Glaucia is showing Marti pics of a) the kids, b) her home, or c) her Kawasaki 900. Christian told us Glaucia is a sane, cautious driver in her car; crazy insane on the bike. Hang on, Saint Christopher.
Dessert detritus. Former site of a Calvados-flambéed apple tart topped with walnut ice cream. A Normandy pyromaniac’s fantasy.
The four of us walked off the os à moelle de bœuf, magret de canard, côtes de porc Iberienne and jarret d’agneau by ambling over to the Café de Flore for nightcaps. A fitting finish to a relaxing, pleasurable evening with beautiful friends.
Marti and I really didn’t want the weekend to end. So, after a day where we were resurrected from Computer Hell by our on-call techie Morgan, we made a last-minute decision to hit Adam Cohen’s gig at the Divan du Monde that evening.
Adam and his cohorts -- the beautiful Mai Bloomfield on cello, guitar and vocals, and mad-talented Michael Chaves on bass, keys, percussion, whatever, and vocals – kicked down a marvelous set of Adam’s tunes, as well as cover surprises such as “Nothing Compares 2 U” and “What's Goin' On.” The old man got a couple of nods too: “So Long Marianne” and “Tower Of Song,” among them.
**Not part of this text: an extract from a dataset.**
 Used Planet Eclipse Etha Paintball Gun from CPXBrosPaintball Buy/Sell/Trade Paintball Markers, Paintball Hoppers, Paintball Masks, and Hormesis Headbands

The crowd in the intimate venue was more than willing to provide spot-on backing vocals to the Prince-Sinéad classic. Lots of women in the room, so it sounded great. A highlight for me was the medley of Adam’s “Hey Jane” and Leonard’s “Bird On The Wire.”
Marti and I spoke briefly with Adam after the gig, told him about our trip last year to Hydra, where Adam spent several summer vacations at his father’s Greek island home. We also said how much we enjoyed his gig last fall at Le Reservoir. Here’s a loose acoustic version of his song “What Other Guy,” shot during that same November 2011 visit to Paris:
After the concert Marti and I decided to check out Le Кrǝmliи, a new bar we’d read about -- just a couple of blocks around the corner from Le Divan.
Got vodka? Да! They got vodka.
Serendipity. At the bar we ran into our actor-singer pal Barry Johnson, Oakland’s finest export. Barry was happy to report that he’s just landed the role of Deloris’ evil gangster boyfriend Curtis in the forthcoming major Paris production of the musical Sister Act. Way to go, Barry.
Uncle Joe. A sweetie at heart.
Got 80€? Try the caviar and vodka special.
Mister Gorbachev, tear down this shelf!
Barry and his sidekick Shelly camp it up with Cristina the bar goddess. She turned us on to Potocki Wódka, an artisanal luxury Polish vodka distilled from rye. A delightfully smooth, slightly sweet spirit. It’s authentic, based on a family tradition dating back to 1816.
Give us some cleavage! Five shooters on, Marti obliges.
Theater people. Barry rehearses his thug role of the murderous Curtis with my bride, the former professional costume designer.
Totally against doctor’s orders, I downed a lotta vodka in a short period of time last night. For someone who’s been getting by with degustation-sized rations of wine and hard liquor these past many months, I was clearly fighting above my weight class. Hence the late-night drunk dining expedition to Chez McDo, right down the street. My cooked-to-order Bacon Burger rocked. Miraculous alcohol absorption properties. Best of all: Marti nabbed us a table by the window, where we could observe the lovely police bust going down outside on the Boulevard de Clichy. Complete with pat-down and handcuffs. Law & Order: Special Pigalle Unit.